• _TASK OBJECTIVE_
From the line with "Timeline is re-estimated" to the last line of the data below, repeat every line exactly and add nothing.

───── DATA EXTRACTS

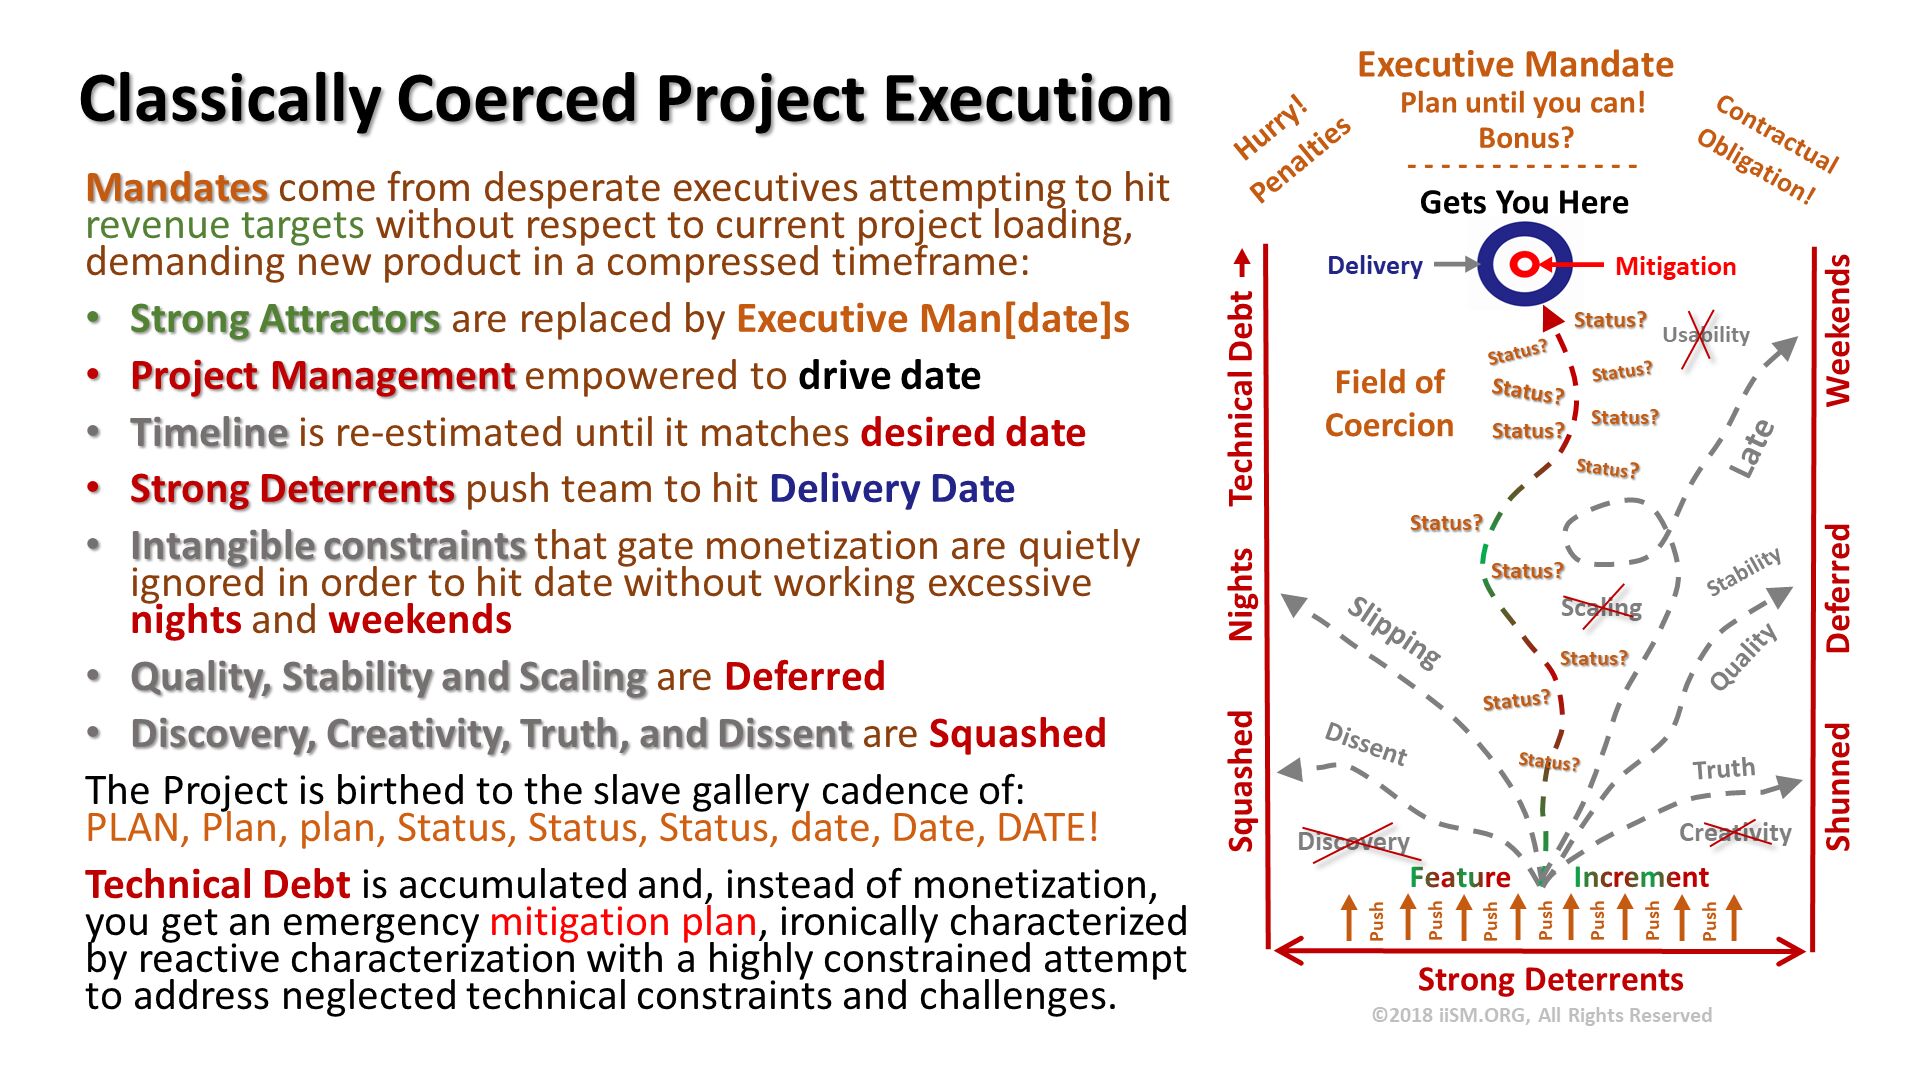 Classically Coerced Project Execution. Mandates come from desperate executives attempting to hit revenue targets without respect to current project loading, demanding new product in a compressed timeframe:
Strong Attractors are replaced by Executive Man[date]s 
Project Management empowered to drive date
Timeline is re-estimated until it matches desired date
Strong Deterrents push team to hit Delivery Date
Intangible constraints that gate monetization are quietly ignored in order to hit date without working excessive nights and weekends
Quality, Stability and Scaling are Deferred
Discovery, Creativity, Truth, and Dissent are Squashed
The Project is birthed to the slave gallery cadence of: PLAN, Plan, plan, Status, Status, Status, date, Date, DATE!
Technical Debt is accumulated and, instead of monetization, you get an emergency mitigation plan, ironically characterized by reactive characterization with a highly constrained attempt to address neglected technical constraints and challenges.
.

──────────

• _RESPONSE AREA_
Timeline is re-estimated until it matches desired date
Strong Deterrents push team to hit Delivery Date
Intangible constraints that gate monetization are quietly ignored in order to hit date without working excessive nights and weekends
Quality, Stability and Scaling are Deferred
Discovery, Creativity, Truth, and Dissent are Squashed
The Project is birthed to the slave gallery cadence of: PLAN, Plan, plan, Status, Status, Status, date, Date, DATE!
Technical Debt is accumulated and, instead of monetization, you get an emergency mitigation plan, ironically characterized by reactive characterization with a highly constrained attempt to address neglected technical constraints and challenges.
.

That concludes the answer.